A real estate agency named after a Bollywood movie:
Excerpts from the website-
Due to better communication options like computer and all now, real estate agents can deal there clients from there home rather then offices.
The work of the agent starts from knowing the preferences of the client to finalisation of the property and handling of keys along with the genuine papers.
Krrish real estate agency is a leading name in this field these days .krrish provide you faith and the true dealing.
Right….
Stephen Malpezzi has a very well-written essay on real estate movies.
It’s a topic that I did not feel up to tackle- preferring instead, to limit the domain to movies concerning real estate agents as opposed to real estate as a whole- that’d definitely include every haunted-house story(my favourite’s La Casa dalle finestre che ridono, or The House with Laughing Windows- my introduction to the genre of giallo, the latter being something that I have maintained a morbid fascination with ever since), the carpet- baggers in ‘Gone With the Wind’(taken up by Malpezzi) as well as stories on every evil real estate developer out there(Fountainhead- or is that about evil architects and Superman’s Lex Luthor?- there’s a precious quotation cited in Malpezzi’s essay:’Stocks may rise and fall. Utilities and transportation systems may collapse. People are no damn good. But they will always need land, and they will pay through the nose to get it‘. Sure beats Mark Twain’s ‘Buy land. They’ve stopped making it.’) and just about every movie where the house somehow plays a central feature. – I’d start with Mr and Mrs Smith or that cool loft in Hitch(Hollywoodbitchslap says that ‘the loft interiors were shot from real lofts in TriBeCa and SoHo, with spectacular views of the Manhattan skyline’) Malpezzi cites Citizen Kanes’ Xanadu and Akira Kurosawa’s Hidden Fortress.
Anyway- do check out Malpezzi’s essay. I found the inclusion of HouseSitter and Beetlejuice to be especially inspired.

August- the month of the Hungry Ghost Festival, typically signals a slow month for property sales in countries like Singapore, Taiwan and Hong Kong. Since all the factors signal towards a quiet month(see excerpt from Reuters below),
Hungry Ghost” month deals double blow to Asian business
By Fayen Wong | August 4, 2006
In Singapore, where 75 percent of the population is ethnic Chinese, business associations often run street performances, known as “getai,” to entertain the living and the dead.

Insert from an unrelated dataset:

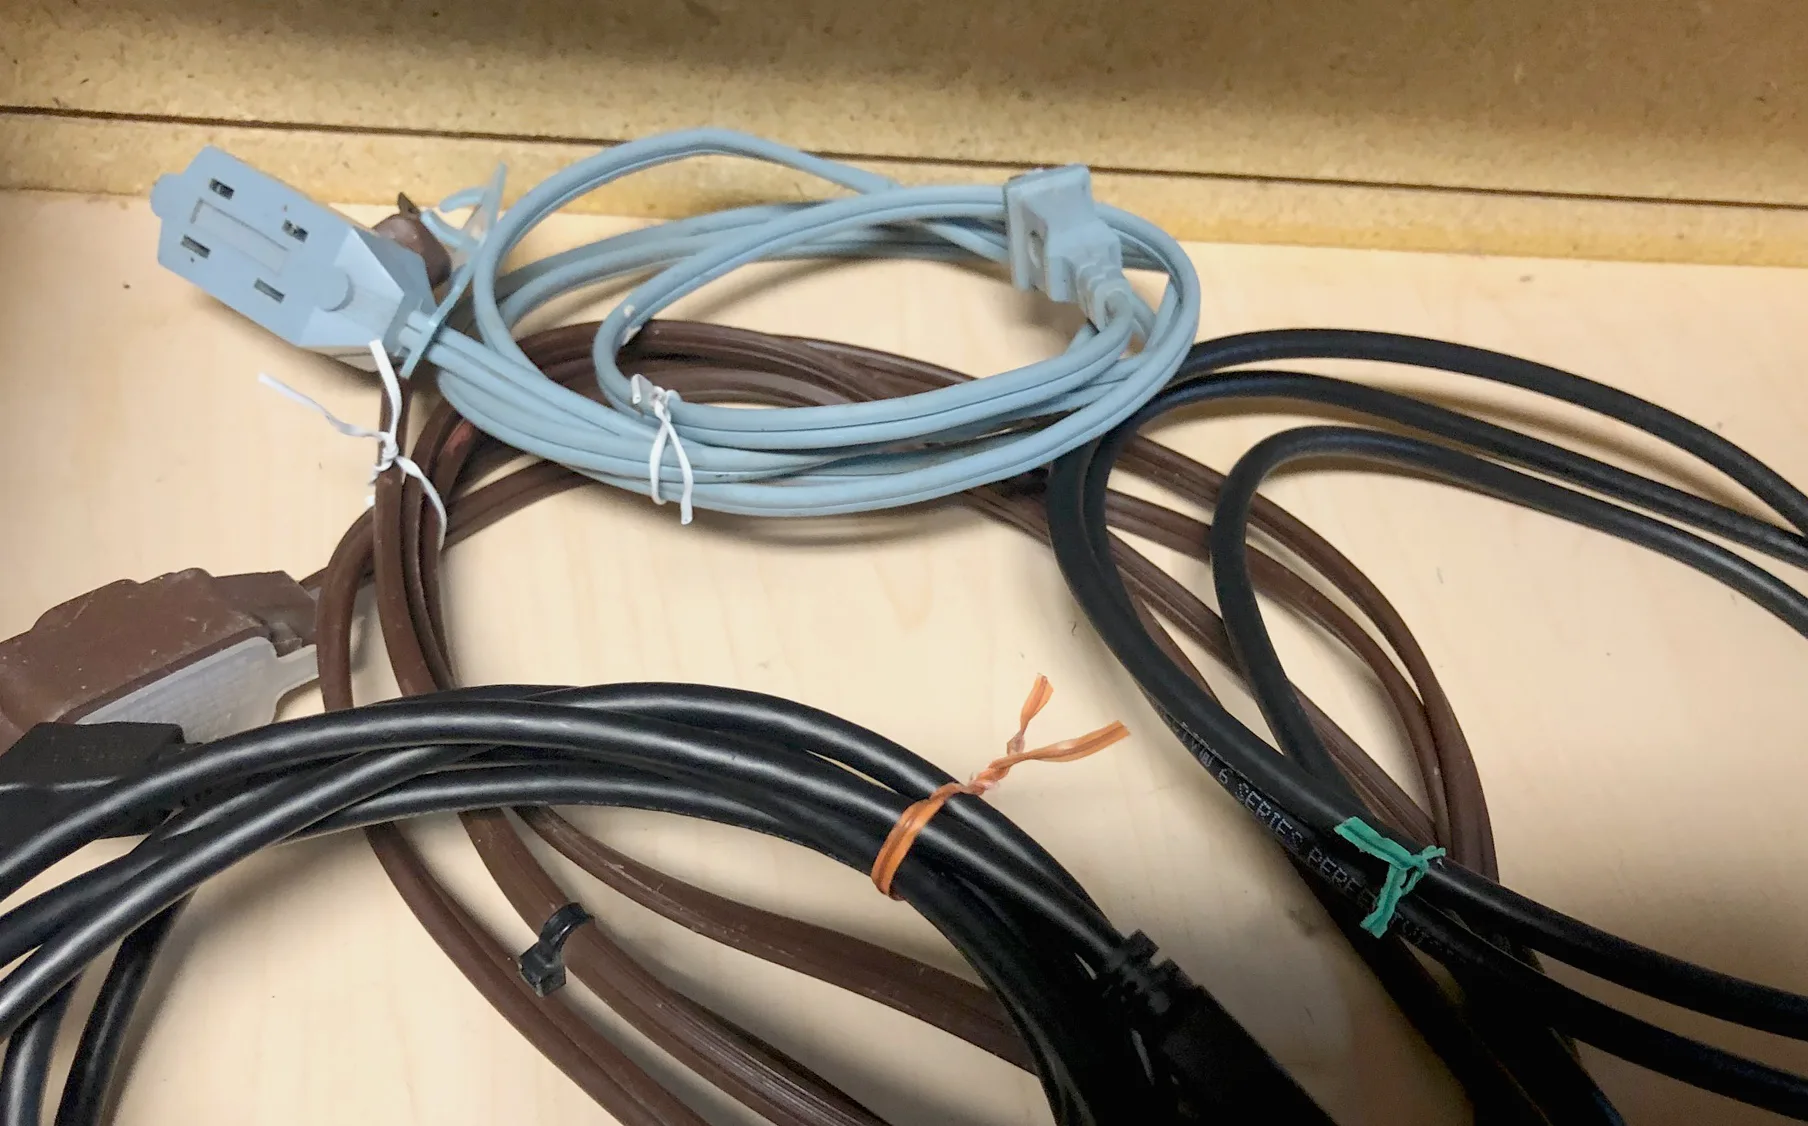 Various colored twist ties act as cord ties

Apart from inviting popular singers from overseas to perform, these “getai” shows also include auctions for auspicious items such as oranges, pineapples and charcoal — which are associated with wealth in Chinese, and which are stacked on gold-tinted plates and elaborately wrapped in red ribbons.

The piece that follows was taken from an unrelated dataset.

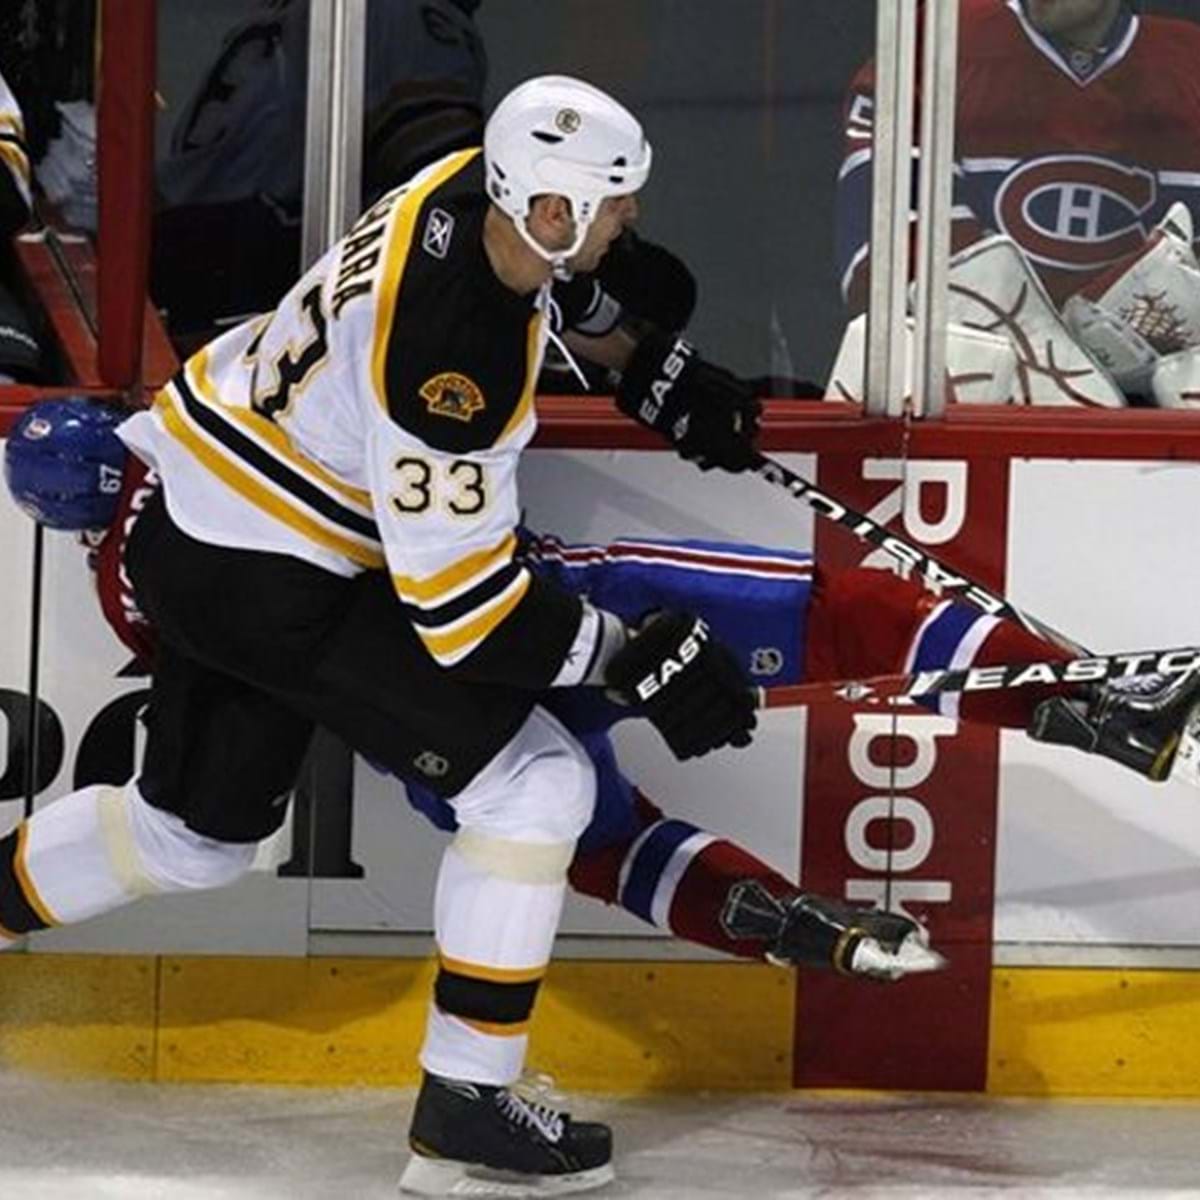 Jogador da NHL recebe suspensão de 27 jogos por violência

this month will be all about getai. From Rosyton Tan’s 881 to the actual shows at your nearest spot of public assembly, the tradition of getai would be a fun distraction in a month otherwise characterised by slow sales and tumbling stock markets.
And since I was recently quoted in a local magazine saying that the job alternatives available to graduates of my batch were : real estate agents, taxi drivers and hawkers, please add getai singer to my list.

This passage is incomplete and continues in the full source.